After computing the expd[1..states] array (exponential of rate*branch*eigenvalue[state]), we may end up with expd = {1,1,...,1} where each value is 1 +- a very small number. Hence we will be multiplying the eigenvectors matrix with the inverse eigenvectors matrix, with the expectation of obtaining the identity matrix. However, since each column of the inverse eigenvectors matrix was multiplied with the respective element from expd, the floating point representation changes and the resulting pmatrix may contain small negative numbers.

Proposed fix:

If for all elements x of expd[1..states] holds that 1 - T < x < 1 + T, where T is a threshold value of, for example, 1e-6, then set the identity matrix as the pmatrix.

xflouris commented 7 years ago

Added the check. I've set the threshold T to 1e-15 which seems to be the smallest value of T that can still work for the datasets I tried. For T=1e-16 we still get negative numbers. I've also noticed that we obtain the log-likelihood retains its value (upto the 8th decimal point) even for larger thresholds, upto the value of T=1e-12. For larger values (e.g T=1e-11) I observe a difference of several integer units in the log-L.

@amkozlov : would be good if you could double-check the implementation.

amkozlov commented 7 years ago

@xflouris: I just added a test for negative values (#129), and unfortunately, it shows that current fix doesn't work in all situations.

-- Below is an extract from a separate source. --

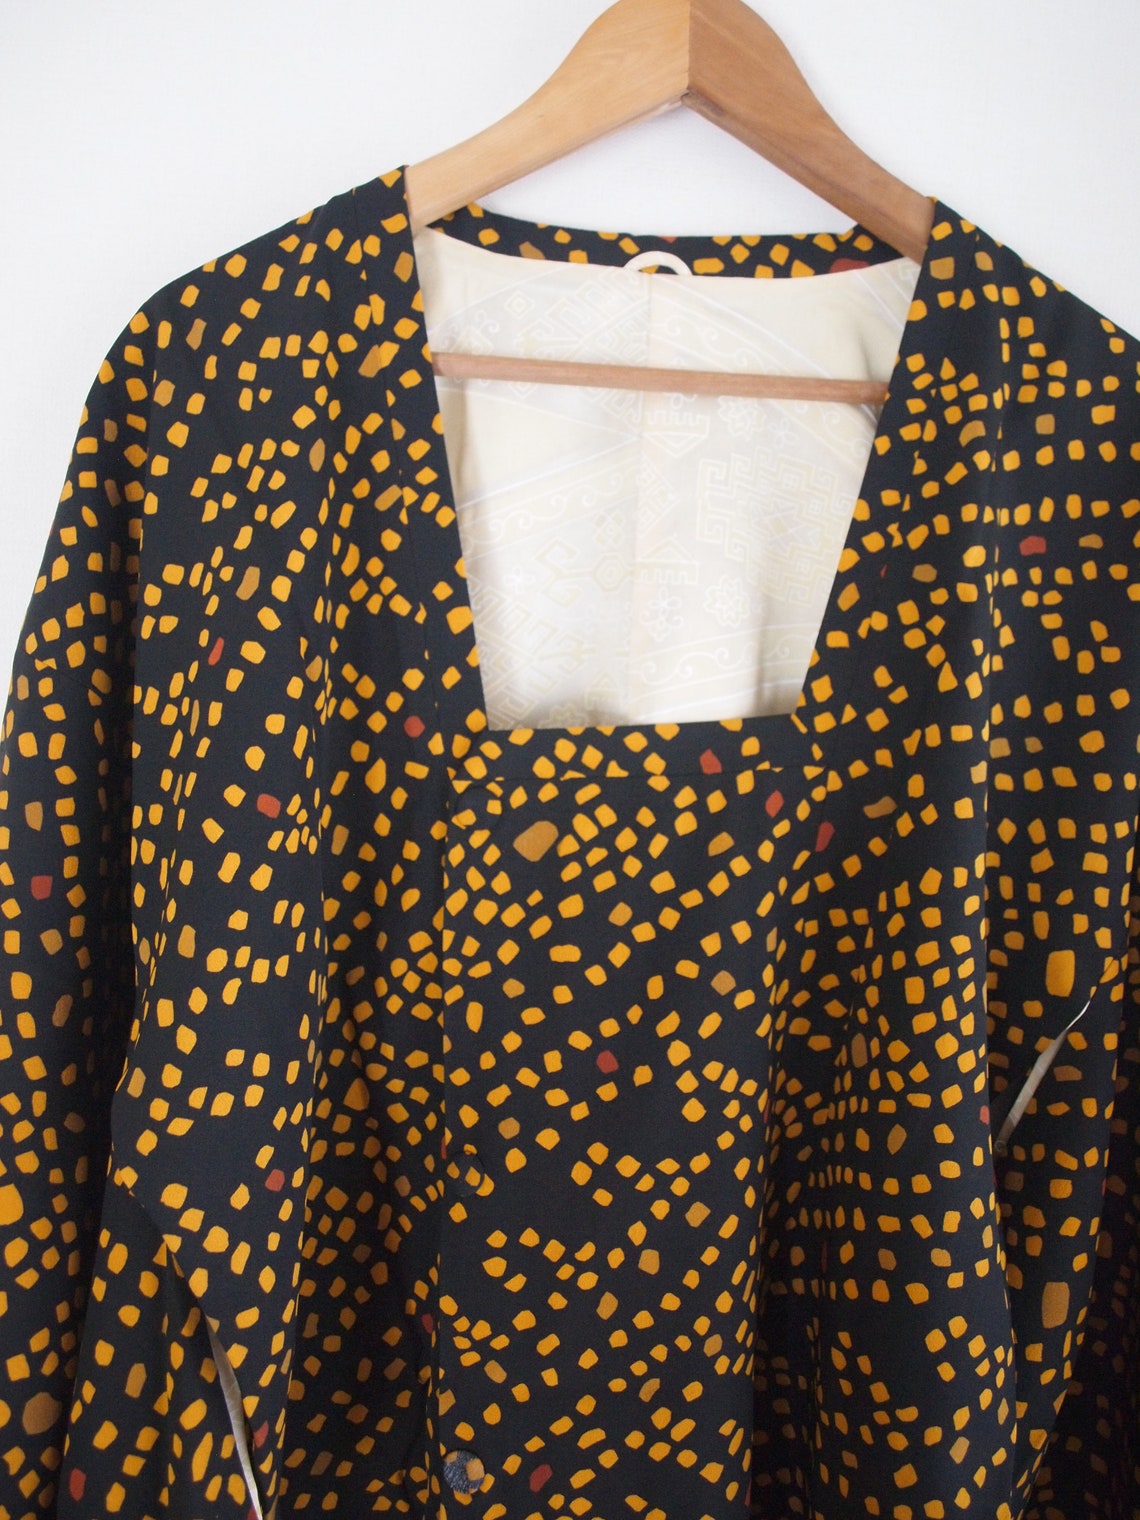 Vintage Black and yellow kimono Japanese long cardigan Ama | Etsy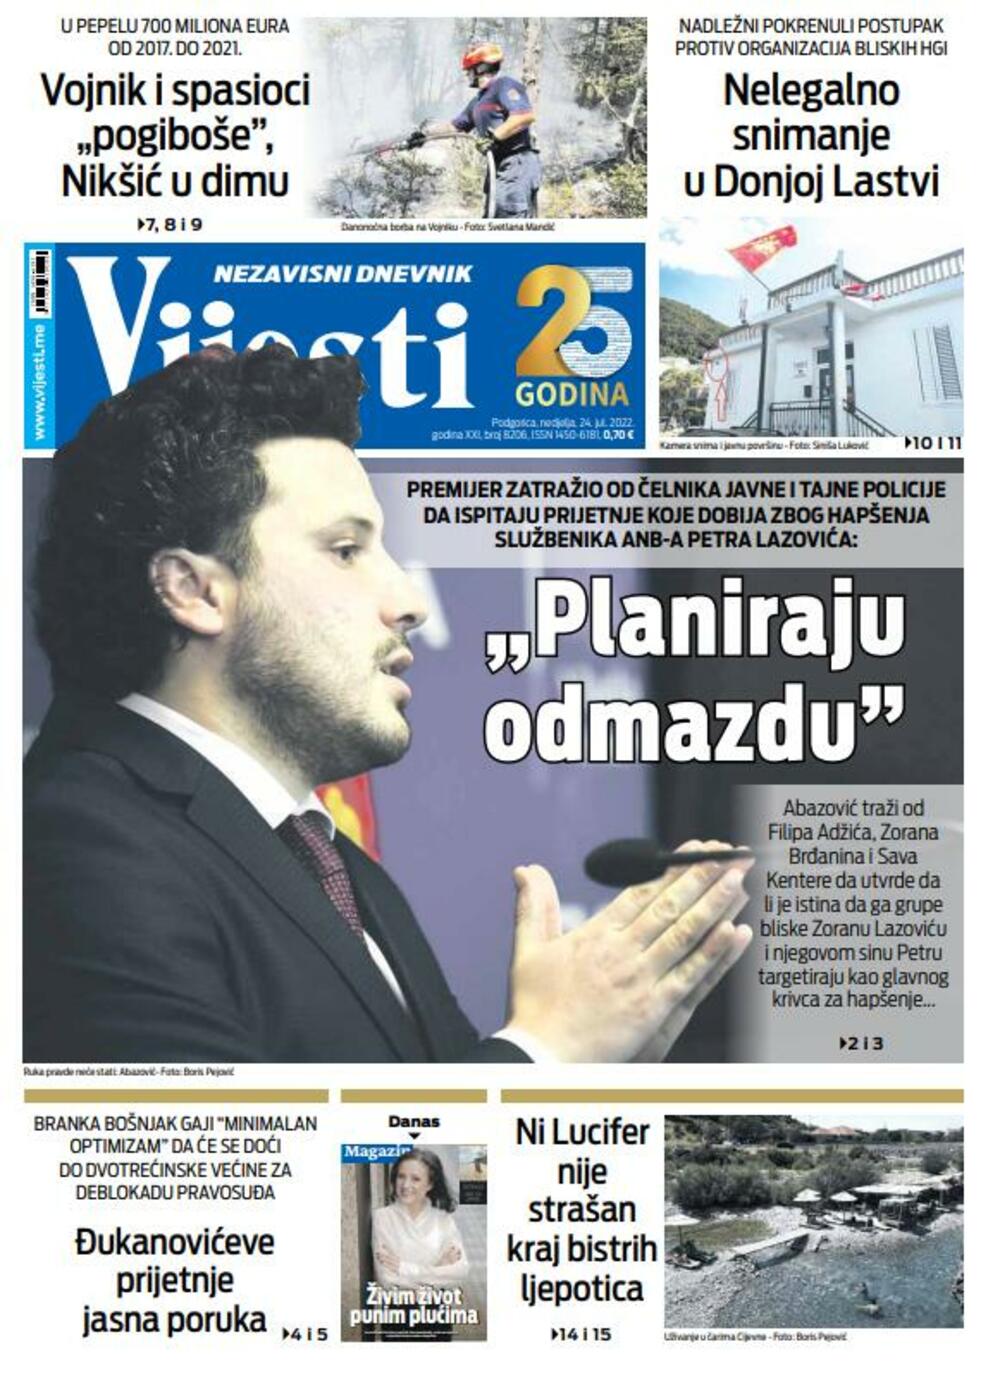 Naslovna strana "Vijesti" za nedjelju 24. jul 2022., Foto: Vijesti

In particular, I still get negative values with substitution rates 0.001000 1000.000000 0.001000 1000.000000 0.001000 1.000000. Although this could be fixed with increasing T to e.g. 10e-12, it will still fail with other settings (e.g., on AA data I got negative values even with T=10e-8).

The only way I found to get rid of all negative values in all my test cases was to use 'brute force' a posteriori check for negative values after pmatrix was computed, and then to set pmatrix to identity if at least one negative value was detected. Of course, this "solution" could also lead to logL differences, and could potentially conceal bugs if we get negative values in pmatrix for some other reason.

stamatak commented 7 years ago

I seem to remember that there was some similar test in Mrbayes, maybe worth looking at the source code there?

Alexis

On 25.05.2017 03:10, Alexey Kozlov wrote:

@xflouris https://github.com/xflouris: I just added a test for negative values (#129 https://github.com/xflouris/libpll/issues/129), and unfortunately, it shows that current fix doesn't work in all situations.

In particular, I still get negative values with substitution rates |0.001000 1000.000000 0.001000 1000.000000 0.001000 1.000000|. Although this could be fixed with increasing |T| to e.g. |10e-12|, it will still fail with other settings (e.g., on AA data I got negative values even with |T=10e-8|).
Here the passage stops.